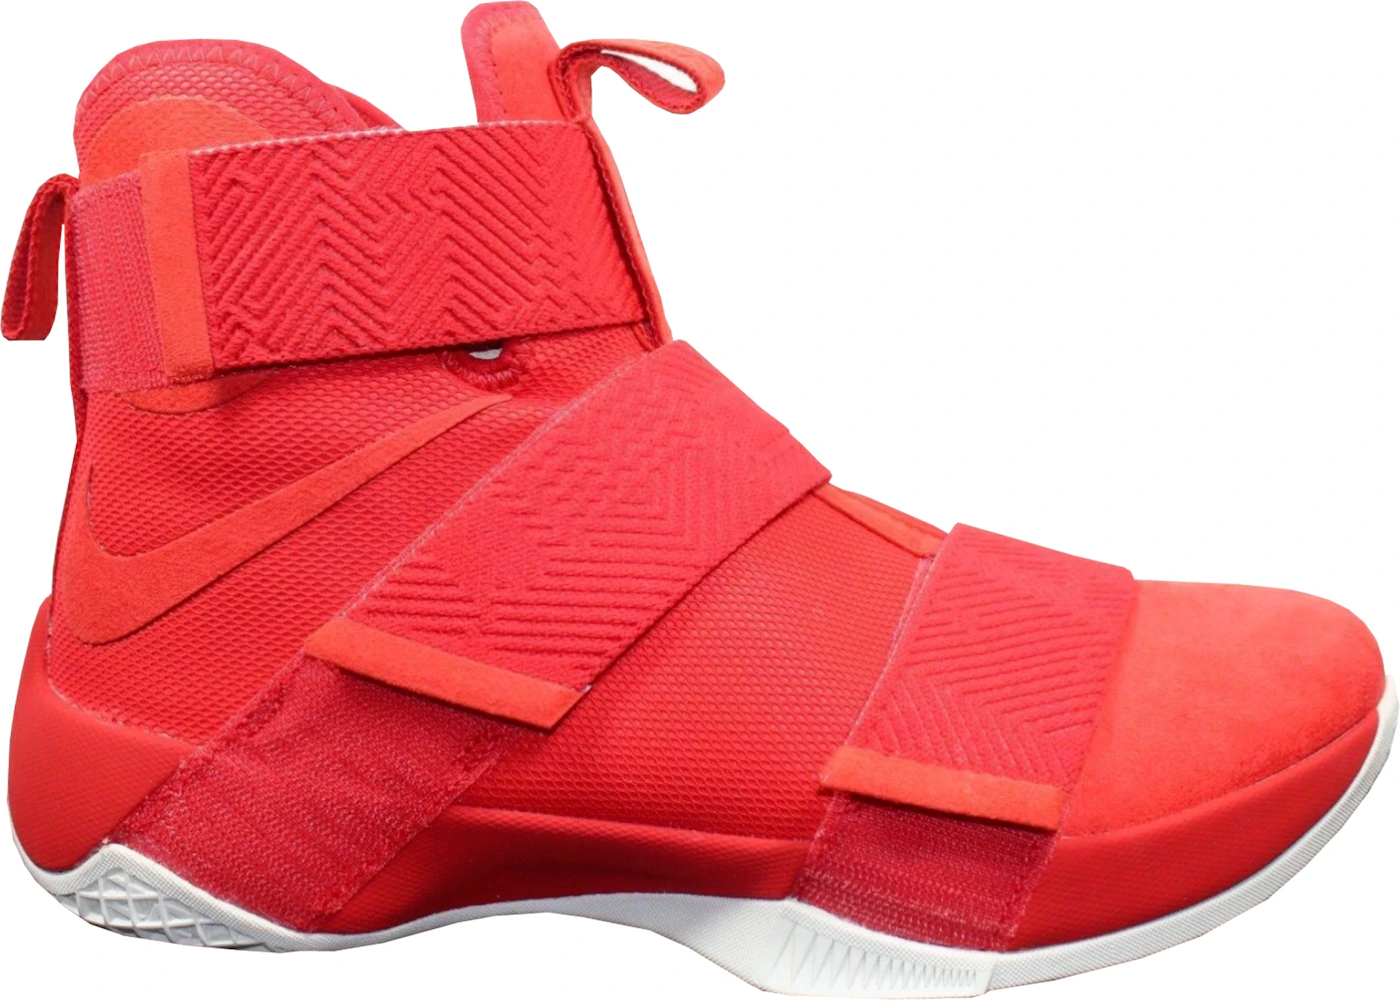 Nike LeBron Zoom Soldier 10 Lux Red メンズ - 911306-600 - JP
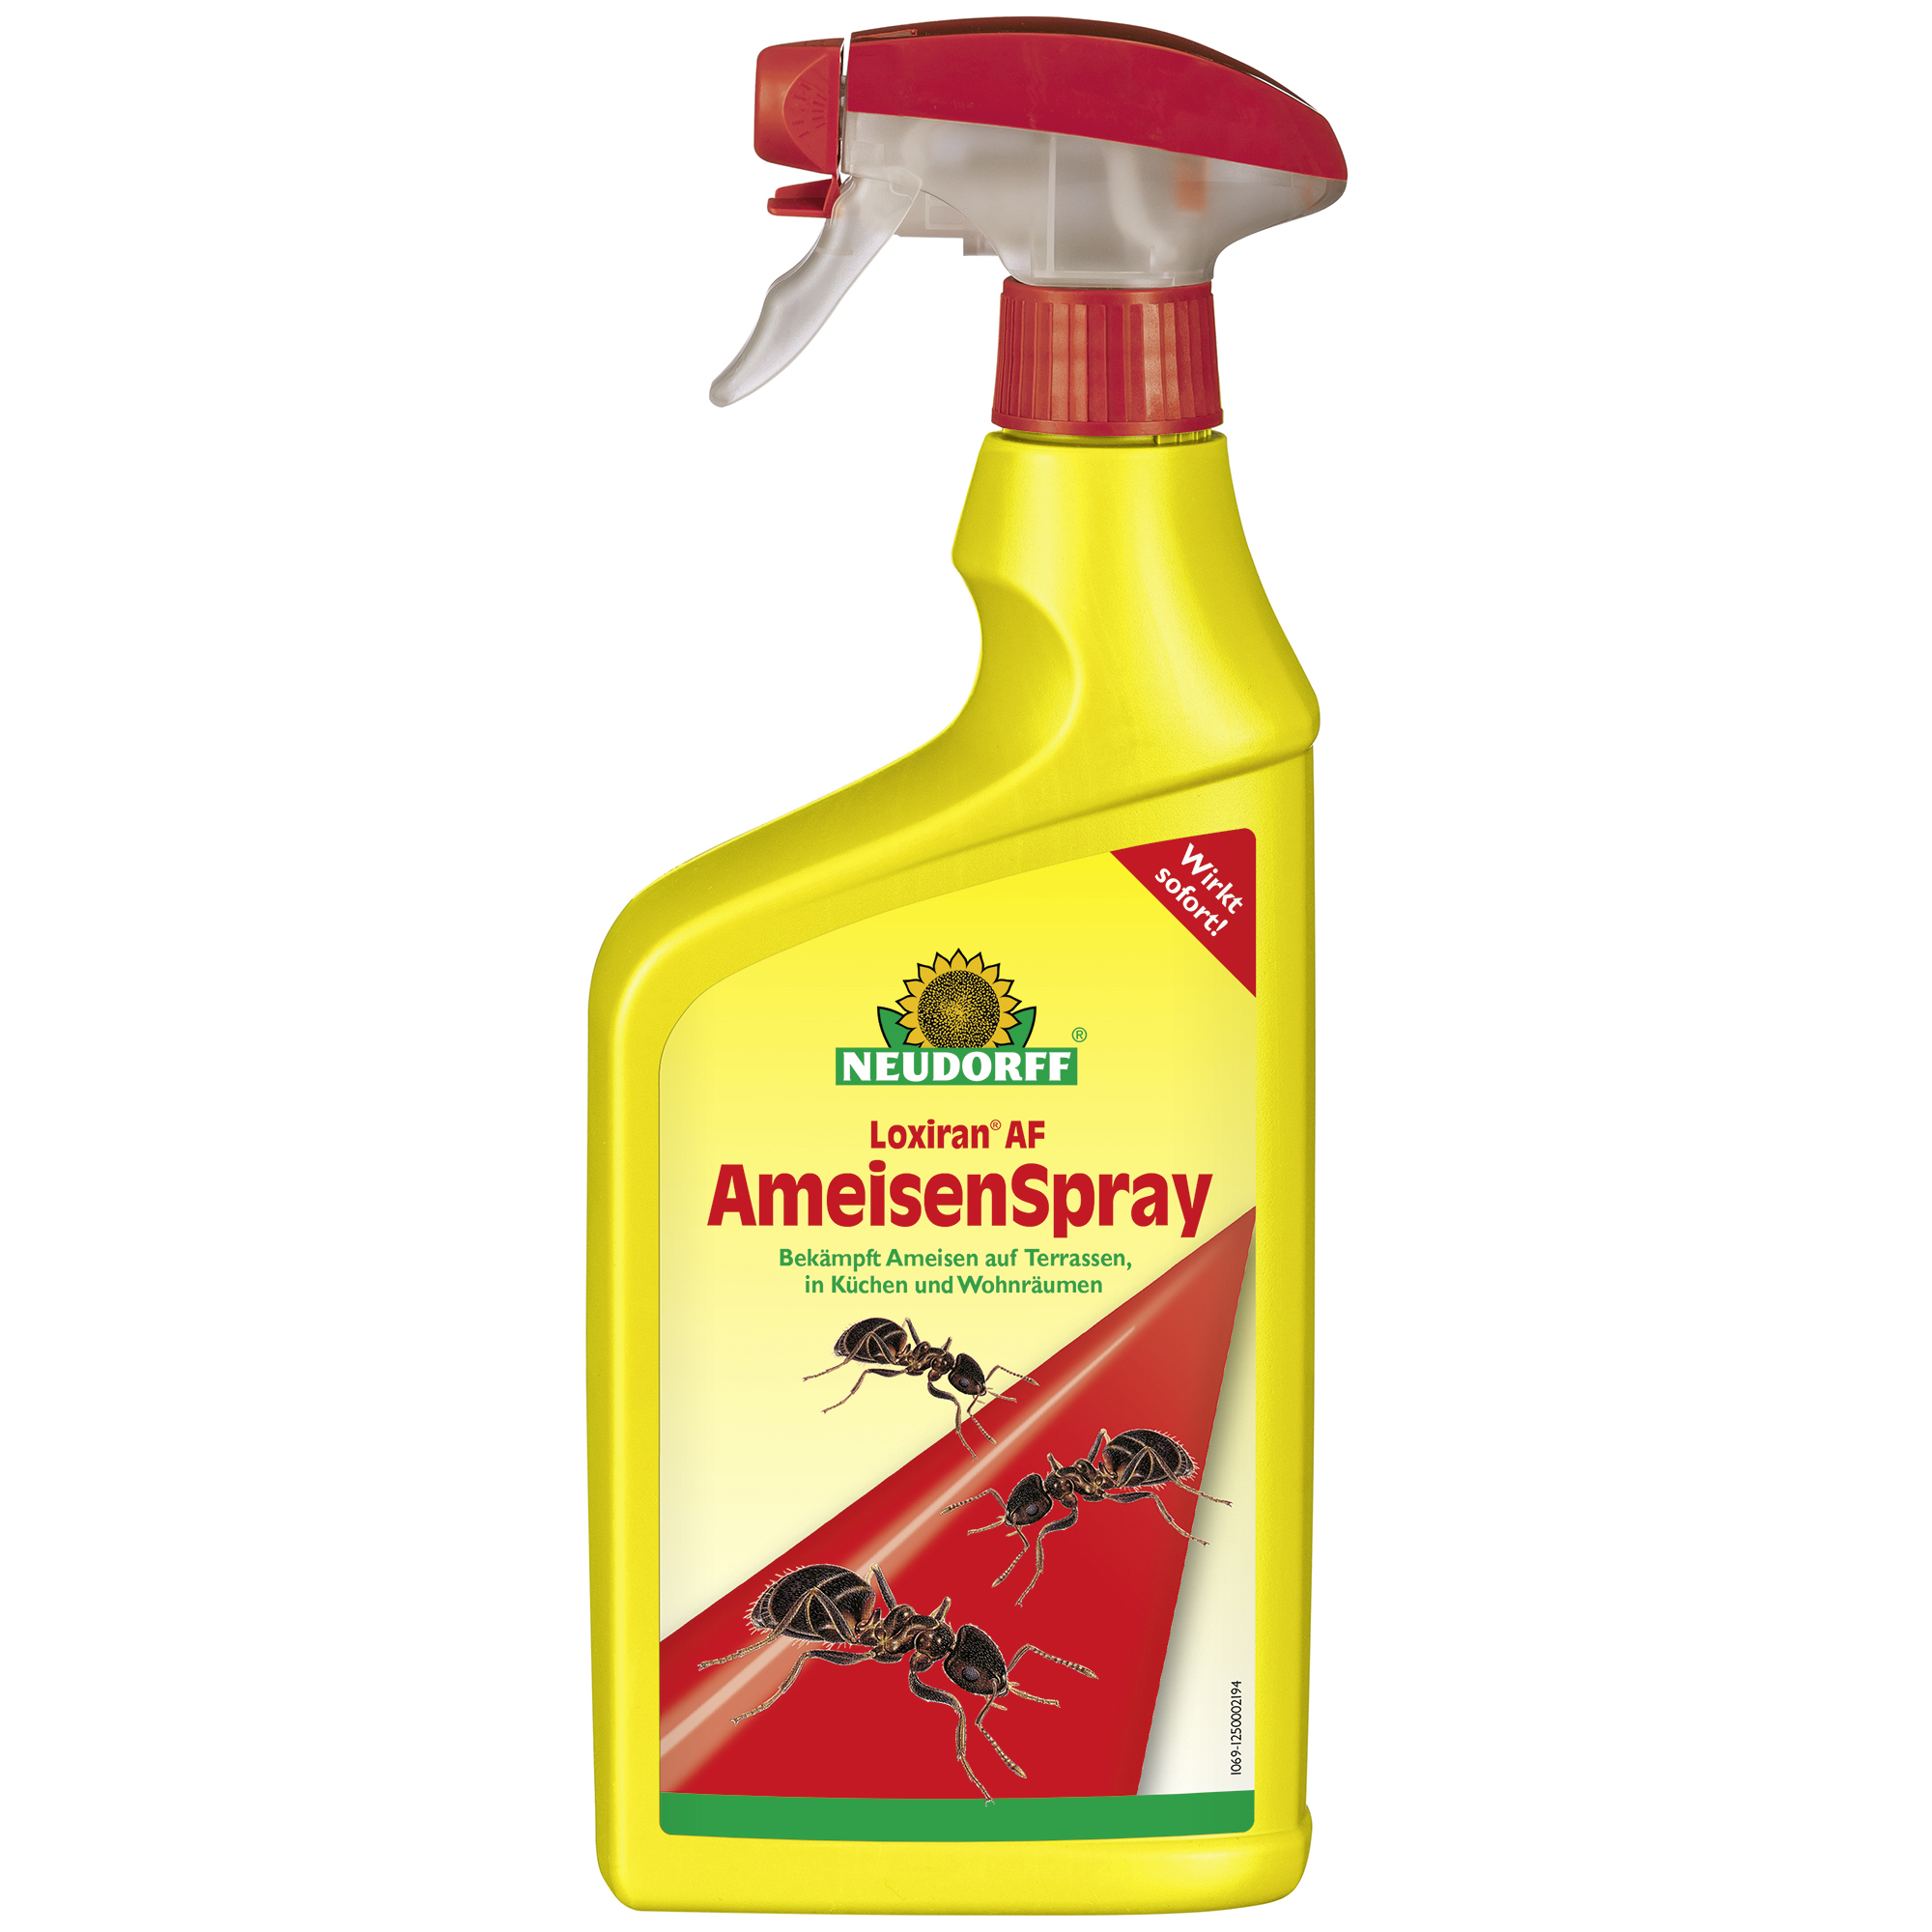 Loxiran AF AmeisenSpray 750 ml + product picture
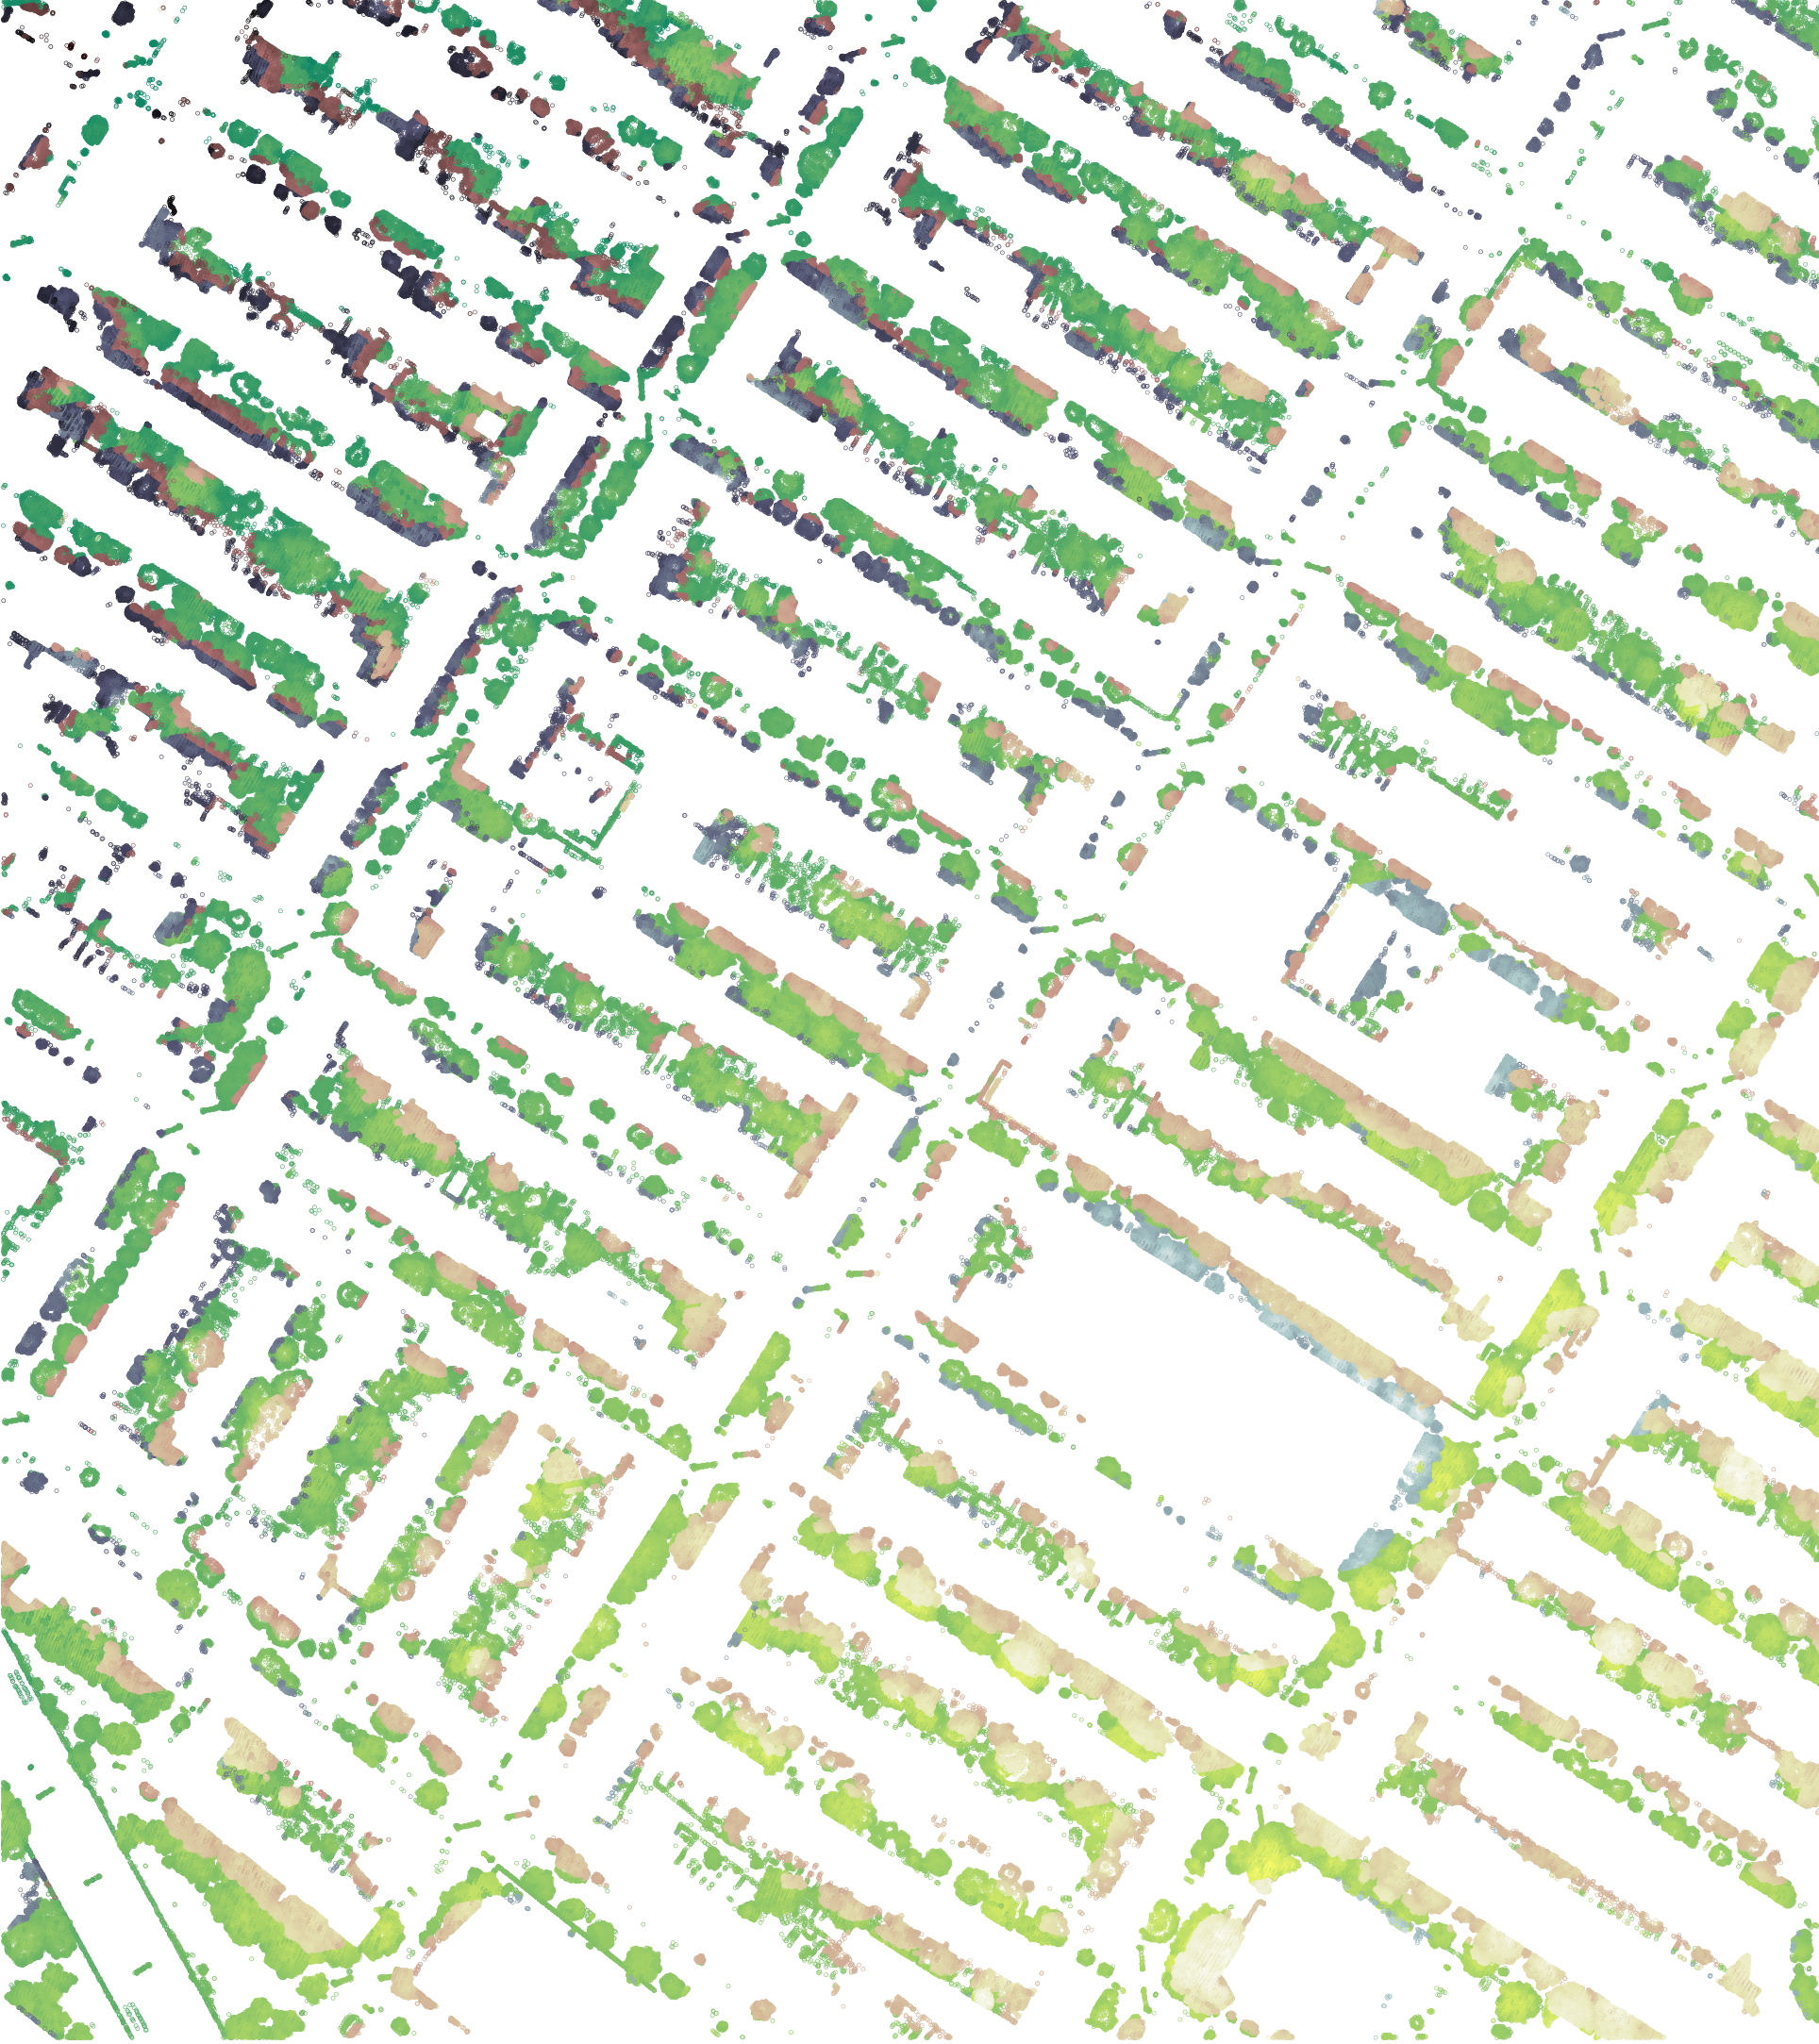 Image of tree canopies of Park Slope in Brooklyn, NYC

****************

Each line from the one with "Loxiran AF AmeisenSpray" to the last line of the listing should be returned exactly, both ends included, and no picture with them.

= Solution to the problem =
 Loxiran AF AmeisenSpray 750 ml + product picture
 Image of tree canopies of Park Slope in Brooklyn, NYC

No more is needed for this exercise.